# Pandas

## Resampling
https://www.w3resource.com/pandas/series/series-resample.php

In [None]:
from numpy import poly1d
import numpy as np
from scipy import linalg, sparse, misc
import pandas as pd
import seaborn as sns
import matplotlib.pyplot as plt
from sklearn import neighbors, datasets, preprocessing
# Preprocessing
from sklearn.model_selection import train_test_split
# Metrics
from sklearn.metrics import accuracy_score, mean_squared_error, r2_score
# Model
from sklearn import linear_model

# ARIMA
from pandas.plotting import autocorrelation_plot
from statsmodels.tsa.arima_model import ARIMA

# ufo = pd.read_csv('http://bit.ly/uforeports')
# or
ufo = pd.read_csv('http://bit.ly/uforeports', index_col='Time', parse_dates=True)

# type
type(ufo)


# See indices
cities = ufo['City']
cities.index
type(cities)

cities['2000-12-01']
cities['September 2000':'December 2000']

# Group by
cities['December 2000'].groupby(level=0).size()

# Resampling

# Period
pd.period_range('12-12-2010', '12-10-2011', freq='D')

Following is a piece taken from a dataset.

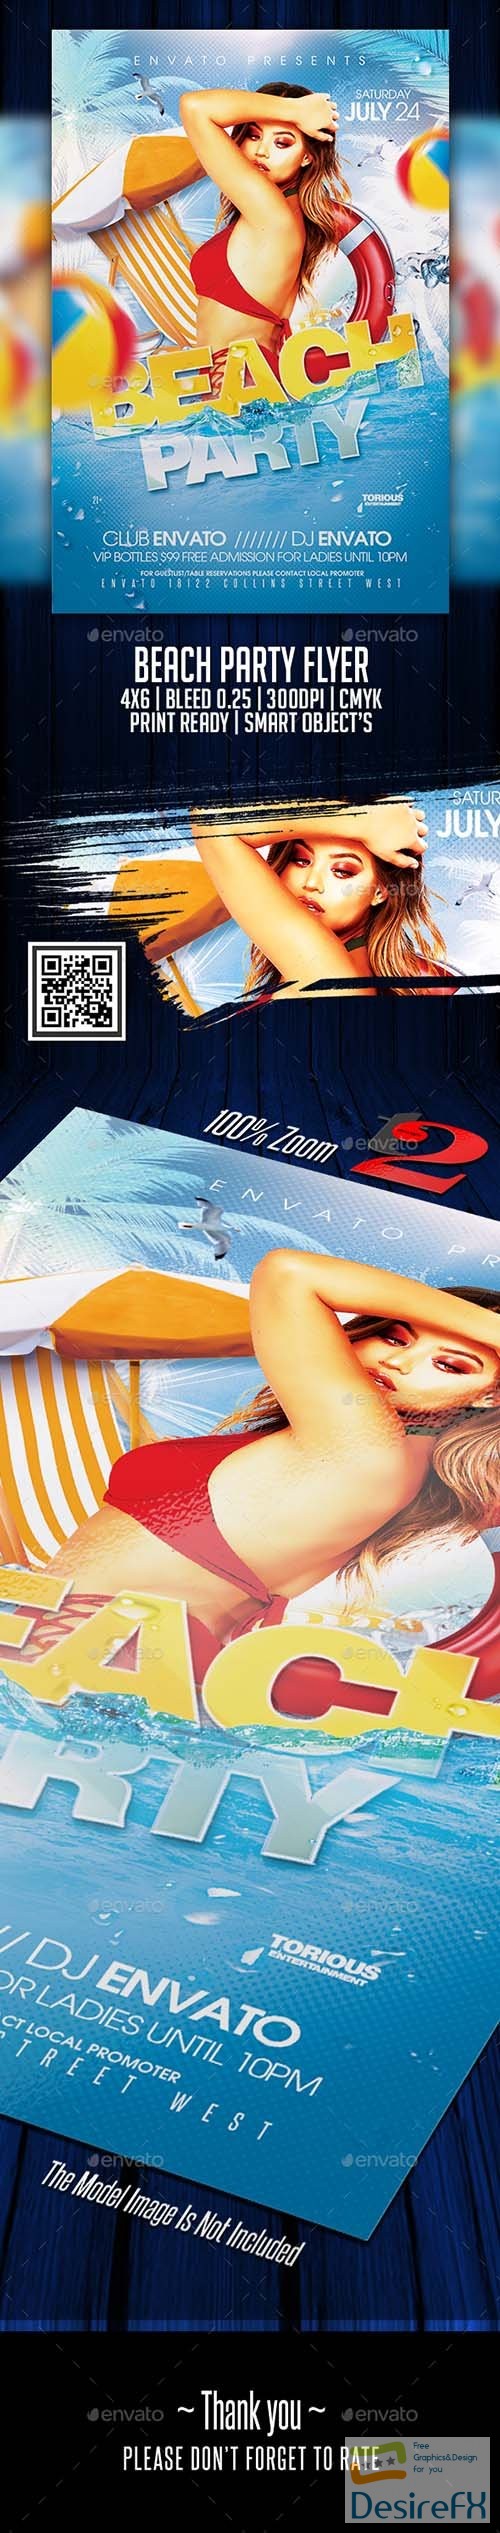 Beach Party Flyer Template 22193526
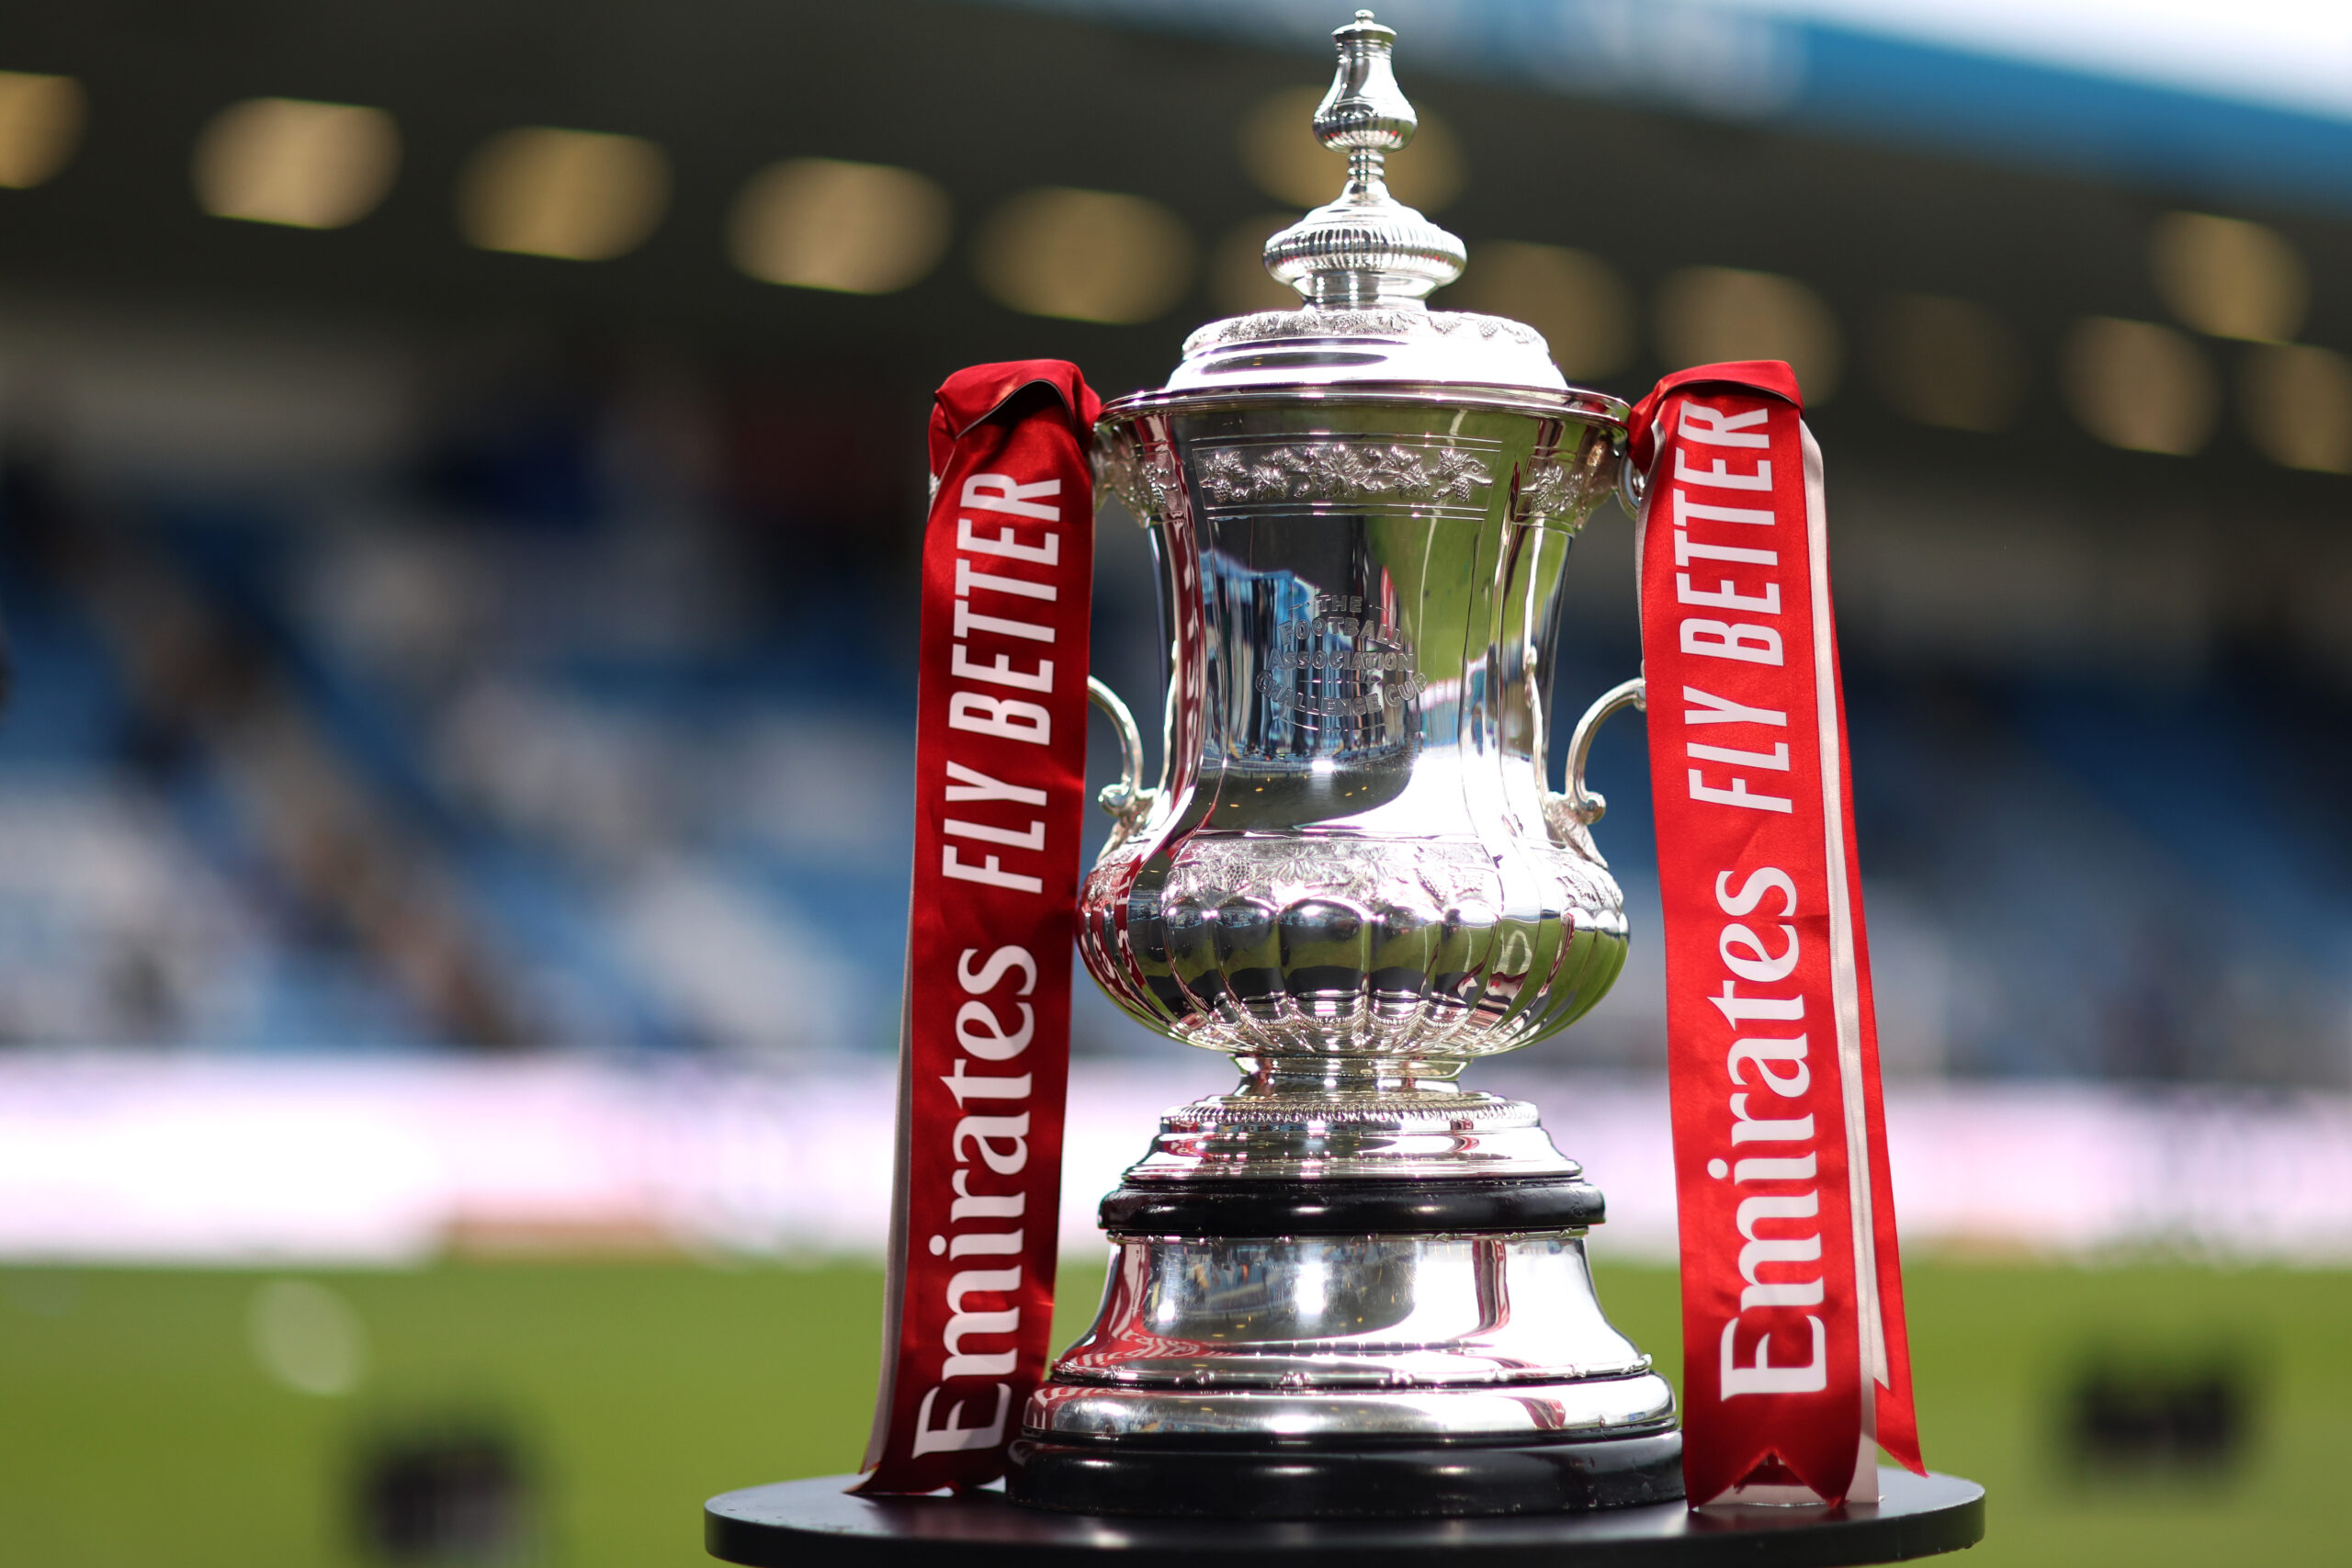 The FA Cup is a coveted trophy in England

# aggregation on resampling
diary = cities['2000-06':].resample('D', kind='period').count()

# plot
plt.figure(figsize=(14,8))
diary.plot()

plt.figure(figsize=(14,8))
autocorrelation_plot(diary)

# ARIMA
model = ARIMA(diary, order=(5,1,0))
model_fit = model.fit(disp=0)
print(model_fit.summary())

# plot residual errors
residuals = pd.DataFrame(model_fit.resid)
residuals.plot()

# Show types
ufo.head()
ufo.dtypes

ufo['Time'] = pd.to_datetime(ufo.Time)

# Attributes
ufo.Time.dt.hour
ufo.Time.dt.weekday
ufo.Time.dt.dayofyear

# search on pandas api doc ".dt."

ts = pd.to_datetime("30/1/1999")

ufo.loc[ufo.Time >= ts,:].head()

# Max
ufo.Time.max()

# Time delta
(ufo.Time.max() - ufo.Time.min()).days

# some plotting
ufo['Year'] = ufo.Time.dt.Year
ufo.Year.value_counts().sort_index().plot()

# Working with `datetime`

In [None]:
# builin functions

from datetime import datetime, timedelta
date1 = datetime(2019,1,1)

# Show me
print(date1)
print(type(date1))
date1

# Help
datetime?

date2 = datetime(2019,1,1,1)
difference = date1 - date2

# Show me
type(difference)

# Help
timedelta?

# formating dates
date1.strftime('%d/%m/%Y')